Cosmology is a branch of astronomy concerned with the studies of the origin and evolution of the universe, from the Big Bang to today and on into the future [49]. In 21st century, the most fundamental problem in cosmology is the nature of dark energy. However, this mysterious energy greatly affects the distribution of matter in the universe that is described by cosmological parameters. Thus, accurately estimating these parameters is the key to understand the insight of the dark energy. For solving this problem, Ravanbakhsh et al. [26] firstly propose a 3D CNN model with 6 convolutional layers and 3 fully-connected layers and opens the way to estimating the parameters with high accuracy. Mathuriya et al. propose CosmoFlow [23], which is a project aiming to process large 3D cosmology dataset on HPC systems. They extend the CNN model designed by Ravanbakhsh et al. [26]. Meanwhile, in order to guarantee the high fidelity numerical simulations and avoid the use of expensive instruments, generating high quality cosmological data is also important. Ravanbakhsh et al. [33] propose a deep generative model for acquiring high quality galaxy images. Their results show a reliable alternative for generating the calibration data of cosmological surveys.

2.4 Summary

After investigating the above representative scientific fields, we have identified the representative DL applications and abstracted these DL applications into classical AI tasks. As shown in Table 2, almost all the applications are essentially using CNN to extract the patterns of various scientific image data. From this perspective, image recognition, image generation, and object detection are the most important tasks in modern scientific DL. In our benchmark methodology (Sect. 3.1), we use these three classic AI tasks as the component workloads of the HPC AI500 Benchmark.

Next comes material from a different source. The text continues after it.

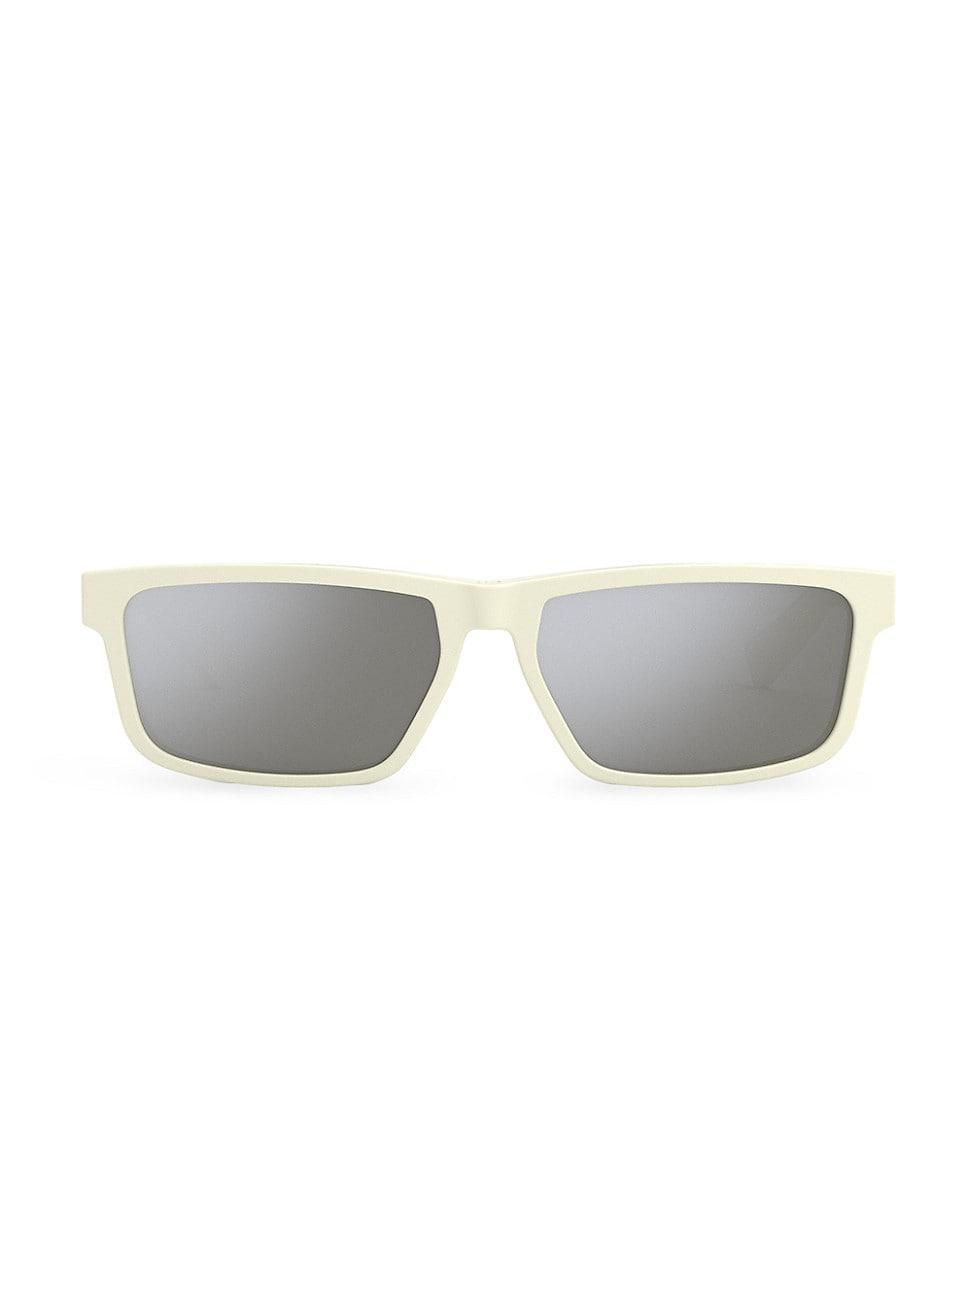 Mens DioRider S2U 57MM Rectangular Sunglasses Product Image

Table 2. Modern Scientific Deep Learning.

3 Benchmarking Methodology and Decisions

3.1 Methodology

Our benchmarking methodology is shown in Fig. 1, similar to that [12]. As HPC AI is an emerging and evolving domain, we take an incremental and iterative approach. First of all, we investigate the scientific fields that use DL widely. As mentioned in Sect. 2, extreme weather analysis, high energy physics, and cosmology are the most representative fields. Then, we pay attention to the typical DL workloads and data sets in these three application fields.

In order to cover the diversity of workloads, we focus on the critical tasks that DL has performed in the aforementioned fields. Based on our analysis in Sect. 2, we extracts three important component benchmarks that can represent modern scientific DL, namely image recognition, image generation, and object detection. This shows that CNN models play an important role. In each component, we choose the state-of-the-art model and software stack from the applications. We also select the hotspot DL operators as the micro benchmark for evaluating upper bound performance of the system.

We chose three real-world scientific data sets from aforementioned scientific fields and consider their diversity from the perspective of data formats. In modern DL, the raw data is always transformed into matrix for downstream processing. Therefore, we classify these matrices into three kinds of formats: 2D sparse matrix, 2D dense matrix, and 3 dimensional matrix. In each matrix format, we also consider the unique characteristics (e.g., multichannel that more than RGB, high resolution) in the scientific data.

Fig. 1.
figure 1

HPCAI500 methodology

3.2 The Selected Datasets

We investigate the representative data sets in our selected scientific fields and collect three data sets as shown in Table 3. Our selection guidelines follow the aforementioned benchmarking methodology.

Table 3. The Chosen Datasets

The Extreme Weather Data set [46] is made up of 26-year of climate data. The data of every year is available as one HDF5 file. Each HDF5 file contains two data sets: images and boxes. Images data set has 1460 example dense images (4 per day, 365 days per year) with 16 channels. Each channel is 768 * 1152 corresponding to one measurement per 25 square km on earth. Boxes dataset records the coordinates of the four extreme weather events in the corresponding images: tropical depression, tropical cyclone, extratropical cyclone and the atmospheric river.

The HEP Data set [25] is divided into two classes: the RPV-Susy signal and the most prevalent background. The training data set is composed of around 400 k jet-images. Each jet-image is represented as a 64*64 sparse matrix and has 3 channels. It also provides validation and test data. All the data are generated by using the Pythia event generator [51] interfaced to the Delphes fast detector simulation [38].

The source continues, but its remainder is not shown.